Grand Duke Jean of Luxembourg, Duke of Nassau, celebrated his 97th Birthday, as the world’s oldest and the longest-living current or former monarch.
He reigned from 1964 until his abdication in 2000.
The Grand Ducal Court of Luxembourg has released six photos to mark Grand Duke Jean’s 97th Birthday, including one featuring three generations.
He was born Jean Benoît Guillaume Robert Antoine Louis Marie Adolphe Marc d’avians at Colmar-Berg on 5 January 1921, the eldest son of Grand Duchess Charlotte and Prince Félix of Luxembourg. He is also descended, on his father’s side, from French Kings, Louis IX and Louis XIV.
Prince Jean was educated in Luxembourg and completed secondary school at the Catholic boarding school Ampleforth College in the UK.
He became the Hereditary Grand Duke, as their heir-apparent, when he came of age on 5 January 1939.
World War II and Years in Exile
The Grand Ducal Family were forced into exile during World War II, after they were warned of an imminent German invasion. They originally sought refuge in France, Portugal, then the United States of America and Canada.
However, on 6 October 1942, Prince Félix and the Hereditary Grand Duke arrived in Great Britain to join the British Army, Prince Jean joined the Irish Guards, following King George VI’s advice, and studied at the Military Academy at Sandhurst, where he obtained the rank of Second Lieutenant on 28 July 1943. He also addressed the people of Luxembourg via BBC radio on the same day.
In August 1943, Prince Jean served as a guard at Buckingham Palace and remembered his mother and sisters’ visit whilst on duty, as he had to remain motionless the whole time!
He landed in Normandy on 11 June 1944, as remember of a reinforcement unit, and took part in the Battle of Caen (Operation Goodwood) and the liberation of Brussels. He also served on the military staff of the 32nd brigade of the Guards Armoured Division in Normandy.
On 10 September 1944, he crossed the border at Rodange with his father, Prince Félix, and participated in the liberation of Luxembourg from Nazi occupation.
However, Prince Jean fought in the Battle of the Bulge to block the German route towards Antwerp.
Once the German resistance had been broken, Prince Jean, as part of the Guards Armoured Division began moving towards Bremen and Hamburg.
At the beginning of April 1945, Prince Jean received orders to return to Luxembourg to welcome his mother, Grand Duchess Charlotte who arrived home to an overjoyed population.

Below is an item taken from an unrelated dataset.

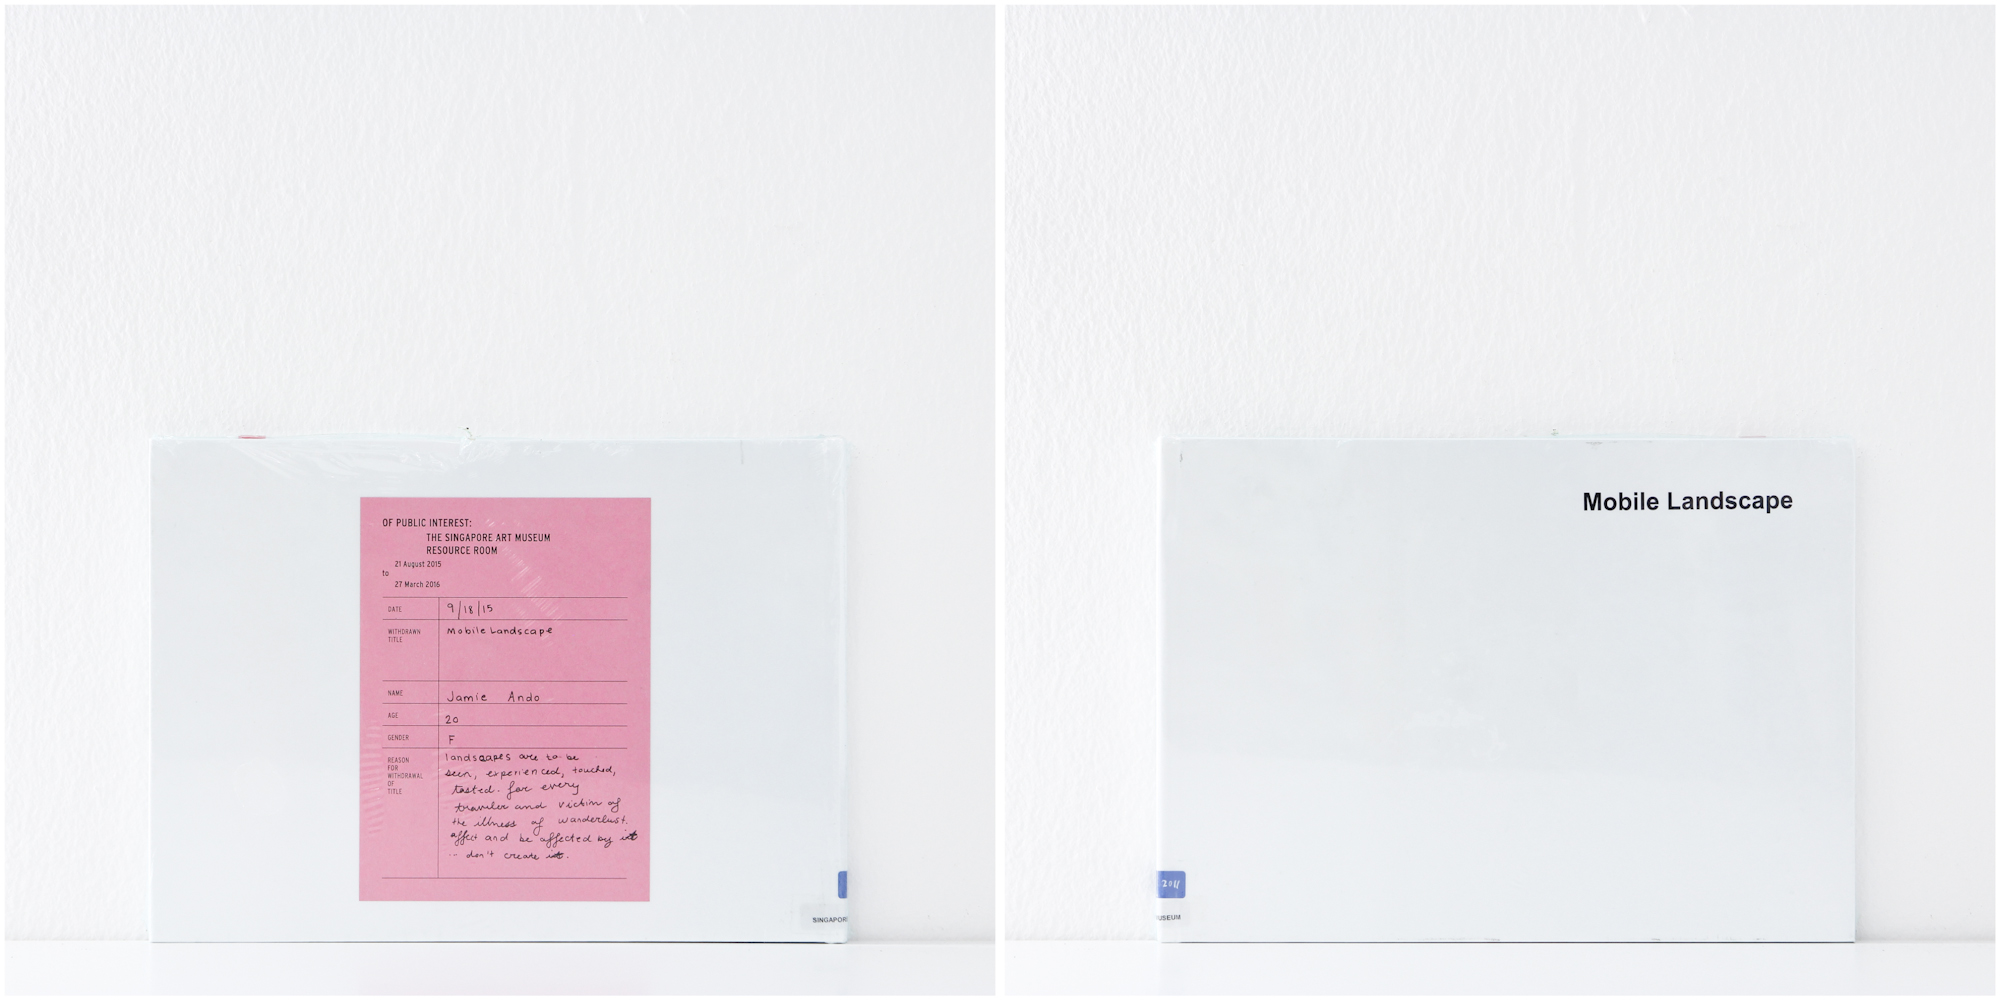 'Mobile Landscape', 18/9/15, Jamie Ando, 20, Female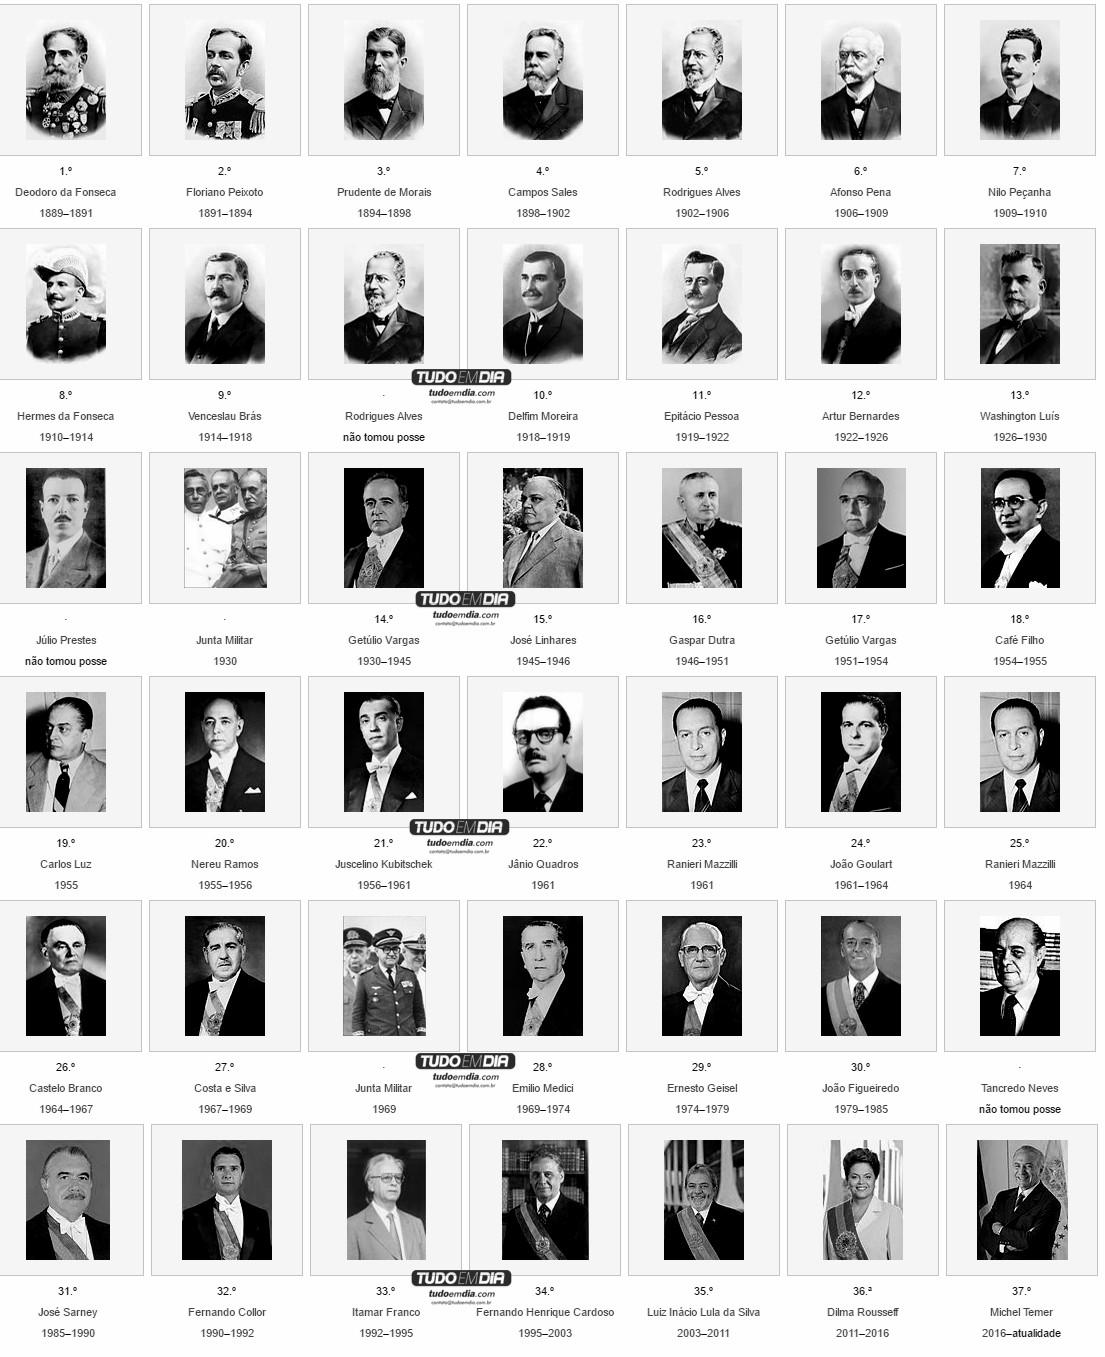 presidentes-do-brasil

Grand Duke Jean was appointed as a Stranger Knight of Britain’s most prestigious order of chivalry, the Order of the Garter in 1972.
Queen Elizabeth II of Great Britain promoted Prince Jean to Colonel of the Irish Guards regiment on 21 August 1984 and made Honorary General of the British Army on 17 March 1995.
Prince Jean married Princess Josephine-Charlotte of Belgium at Luxembourg Cathedral. They set up home at the Château de Betzdorf where their five children, Princess Marie-Astrid, Prince Henri, Prince Jean, Princess Margaretha and Prince Guillaume were born.
His eldest daughter Marie-Astrid was once considered as an eligible bride for Prince Charles during the 1970s but a match was unlikely under the terms of the Act of Settlement 1701, which prevented the heir to the British monarchy marrying a Catholic.
Grand Duchess Charlotte signed her act of abdication on 12 November 1964, so Jean, the Hereditary Grand Duke, became the 8th Luxembourg sovereign since the Grand Duchy was founded in 1815.
His reign was one of the most prosperous ever known by the Grand Duchy which contributed to political, economic and social life in Luxembourg, and providing an unprecedented stability for the nation.
He ended his reign on 7 October 2000, stepping down in favour of his eldest son, Grand Duke Henri.
Grand Duke Jean is interested in environmental issues, protecting fauna and flora, and enjoys sports, photography and music.
He is the Chief Scout of the Luxembourg Boy Scouts Association; Honorary President of the Luxemburg Olympic and Sports Committee; Member and, since 1998, Honorary Dean of the International Olympic Committee.
Grand Duke Jean and Grand Duchess Joséphine-Charlotte moved to Fischbach Castle since 2002 in retirement. He has lived alone since his wife’s death in 2005.